A vacuum suction nozzle 120 equipped with a vacuum suction nozzle 120 is inserted, and a load adjuster 150 is attached above the vacuum suction nozzle 120.

The operation of the above configuration will be explained below.

By exhausting air from the exhaust port 122, the semiconductor element 1 is sucked into the vacuum suction nozzle 120 through the exhaust hole 123. After aligning with the heat sink 2 having the solder 104 fixed to the metal substrate 3 in the above-described state, the semiconductor element 1 and the heat sink 2 are brought into contact via the solder 104 by slowly lowering the laser die bonding tool. As the descent continues, the load set by the load adjuster 150 is applied to the semiconductor element 1, and at the same time, the portion of the laser die bonding tool excluding the vacuum suction nozzle 12Q and the load adjuster 150 continues to descend, and the shielding plate 125 becomes a heat sink. It contacts the solder 104 of No. 2. At the point where the shielding plate 125 comes into contact with the solder 104 of the heat sink 2, the laser die bonding sole completely stops descending and emits a laser beam, which melts the solder 104 of the heat sink 2. By stopping the emission of the laser beam, the solder 104 melts. solidify. Therefore, the semiconductor element 1 is fixed to the heat tank 2 with the solder 104 without being directly exposed to the laser beam.

In this embodiment, a YAG laser is used as the laser, but other lasers (for example, CO2) may be used. Also, although Pb-8n type solder was used, other types (e.g., Au alloy type) were used.
But it doesn't matter.

Effects of the Invention As described above, by using the laser die bonding tool of the present invention, it is possible to instantaneously bond semiconductor elements without unnecessarily heating other parts of the semiconductor device, thereby improving the method of assembling a semiconductor laser. This has great effects, such as increasing the degree of freedom and shortening the bonding time.

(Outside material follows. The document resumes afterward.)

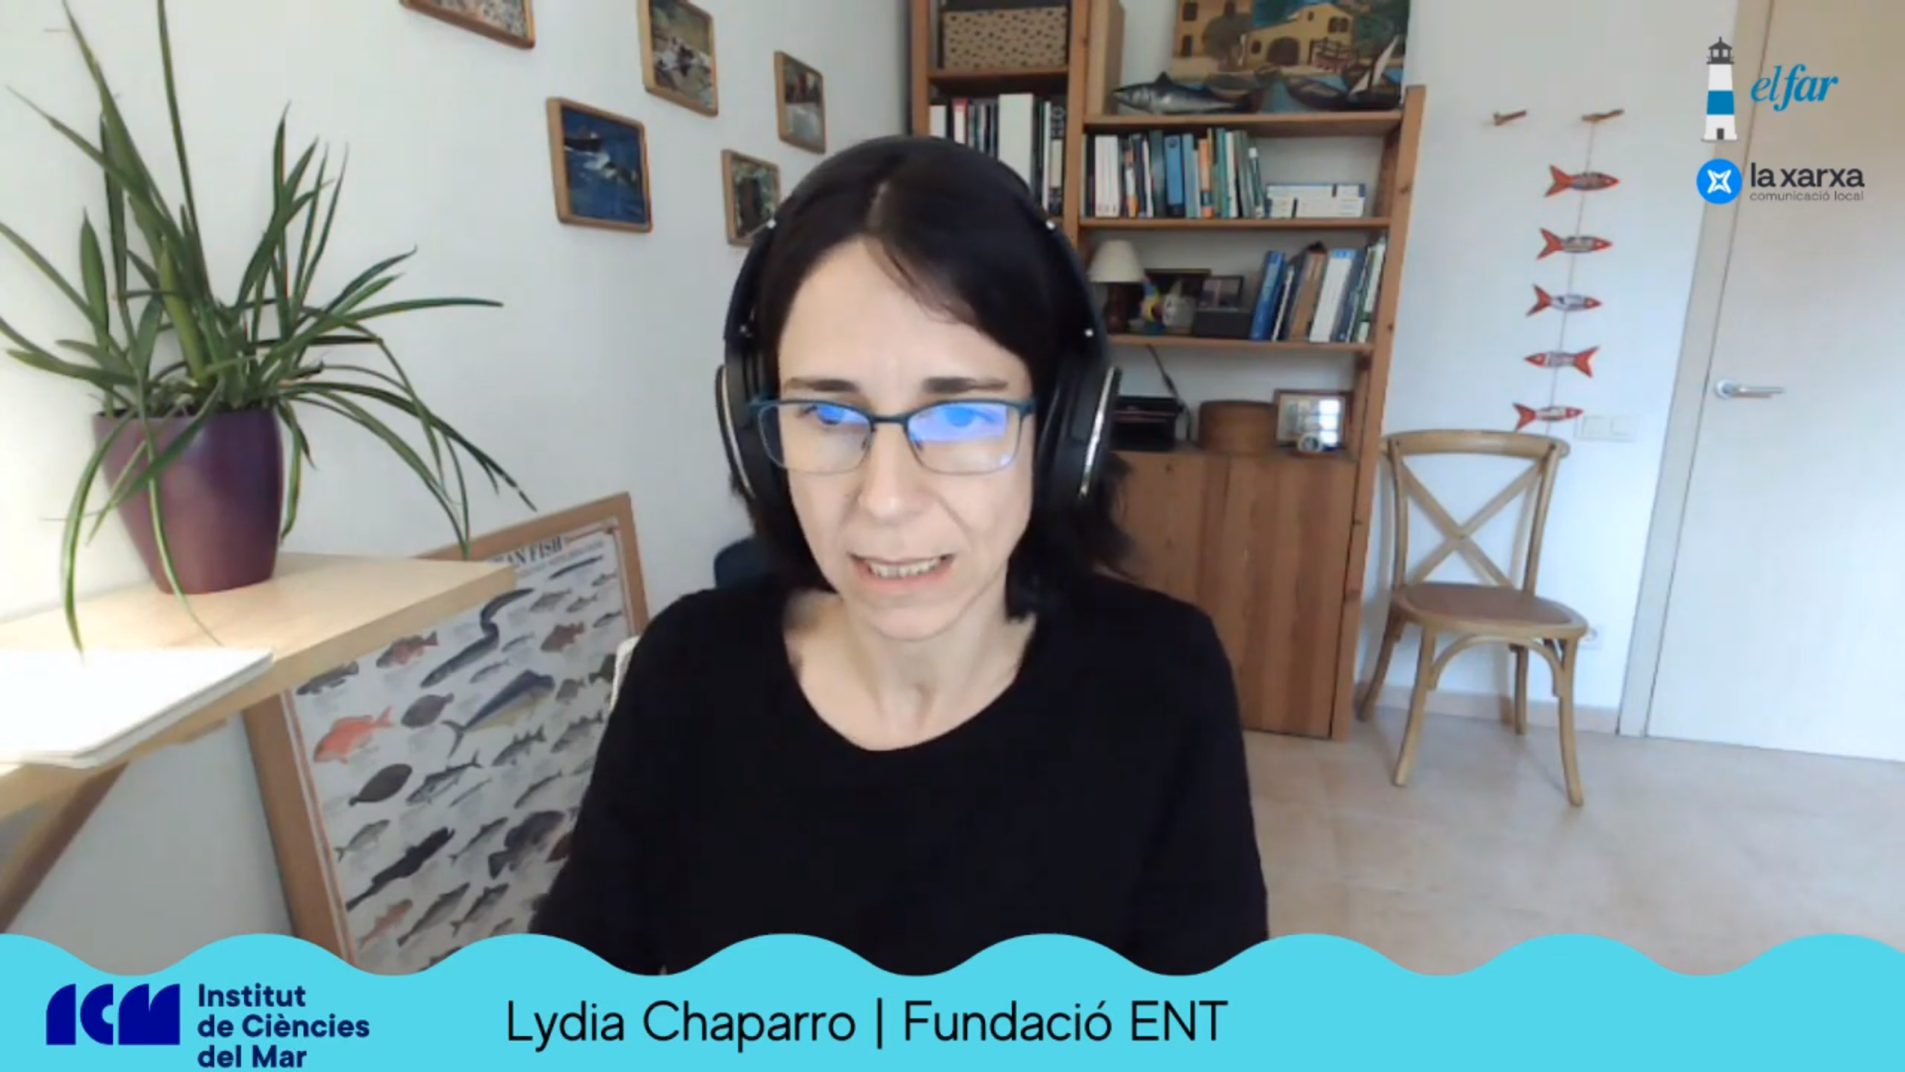 Lydia Chaparro (Fundació ENT) participa al Podcast de l’Institut de Ciències del Mar (CSIC) i Ràdio el Far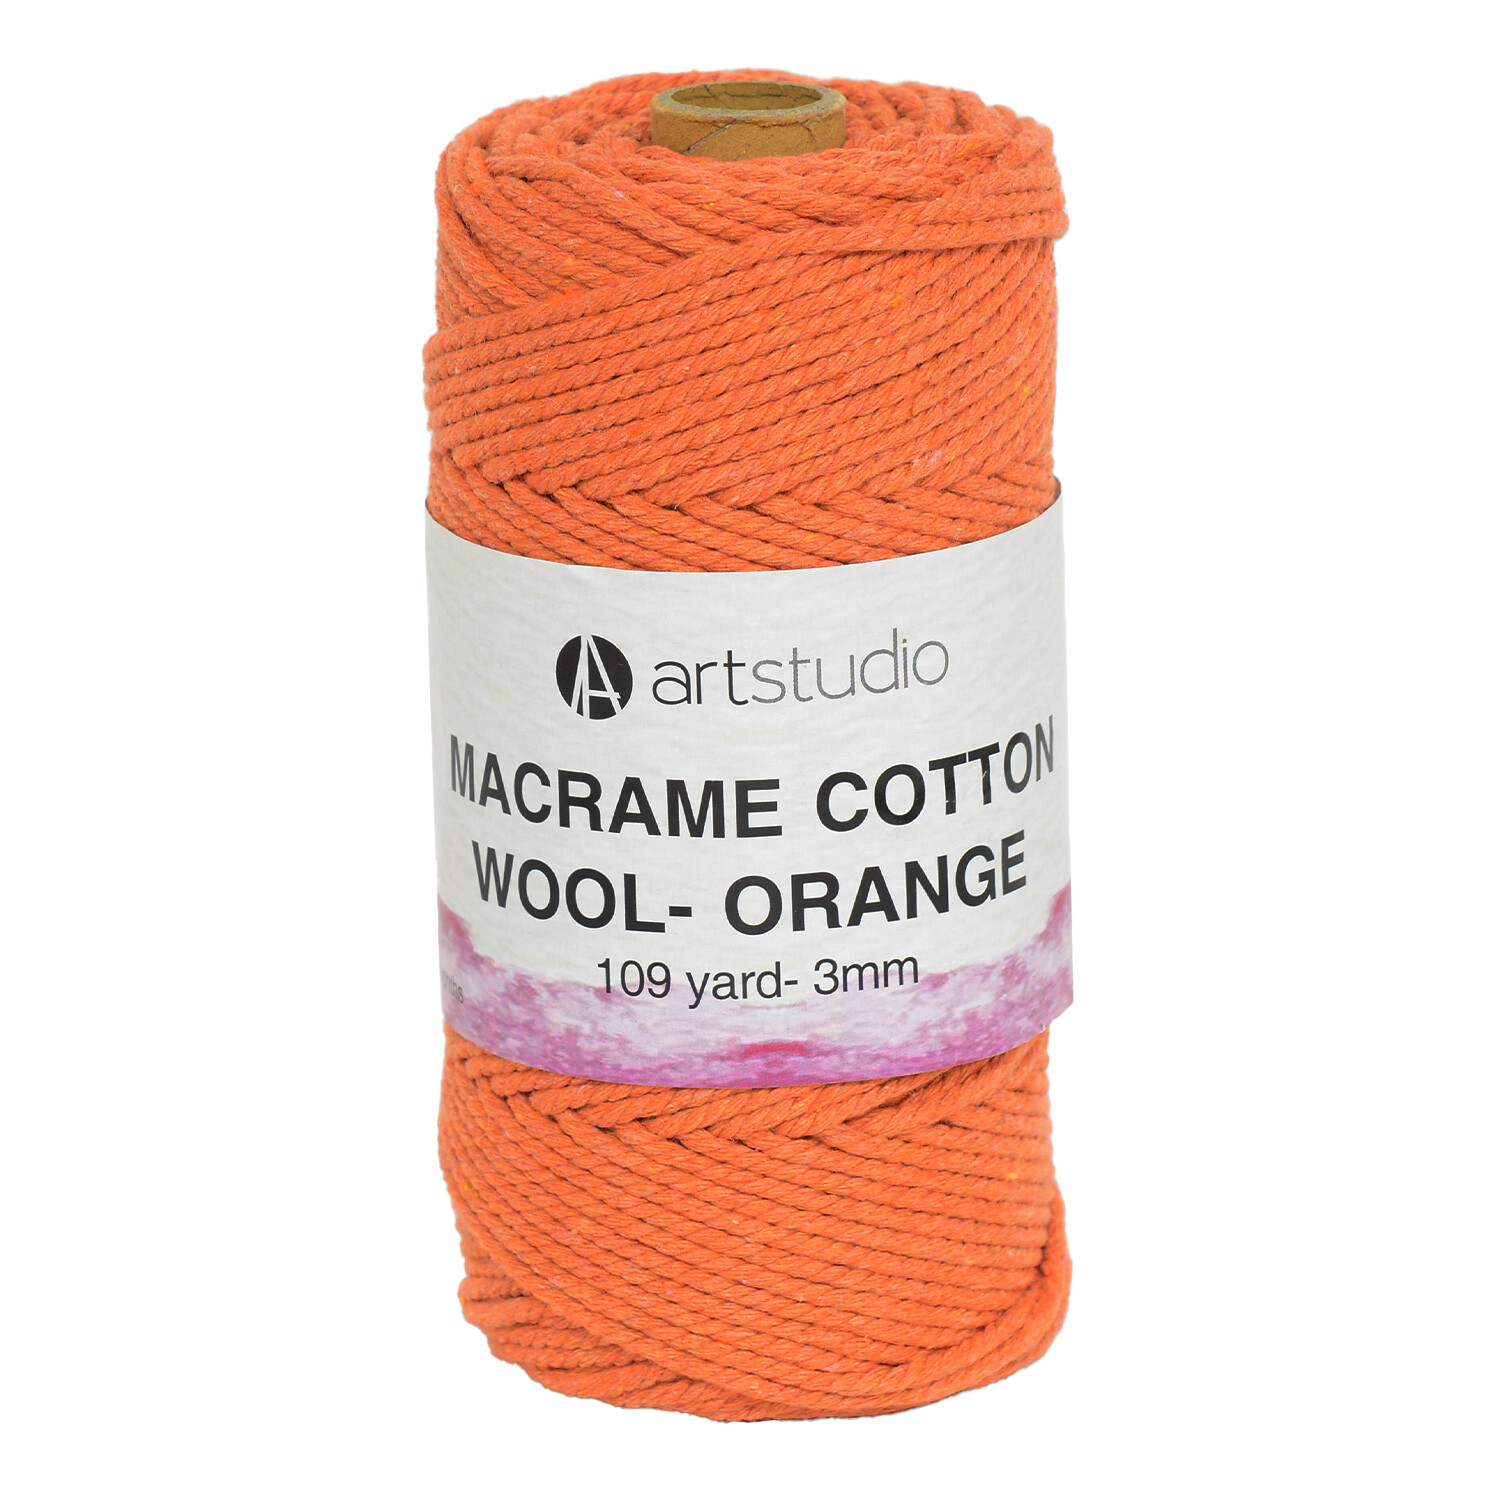 Art Studio Macrame Cotton Wool - Orange Image

[Brief explanation of drawings]

FIG. 1 is a sectional view of a laser die bonding tool according to an embodiment of the present invention, and FIG. 2 is a configuration diagram of a conventional bonding technique. DESCRIPTION OF SYMBOLS 1... Semiconductor element, 2... Heat sink, 3... Metal substrate, 21... First support body, 61... Optical fiber Bare wire, 62...
...Optical fiber core, 66...Capillary, 8
1...Protective case, 104...Solder,
120... Vacuum suction nozzle, 122...
・Exhaust port, 123...Exhaust hole, 124...
・-Nozzle guide, 126... Shielding plate, 15
0...Load adjuster.

Claims (1)

[Claims] a first support body comprising an optical fiber that guides a laser beam, a capillary that fixes the optical fiber, an exhaust port that inserts and fixes the capillary, a nozzle guide, and a shielding plate; an exhaust port of the first support body; Laser die bonding, characterized in that it comprises a vacuum suction nozzle that is attached to pass through a nozzle guide, a load adjuster for the vacuum suction nozzle, and a protective case for the optical fiber, and that bonding is performed using laser light as a heat source. tool.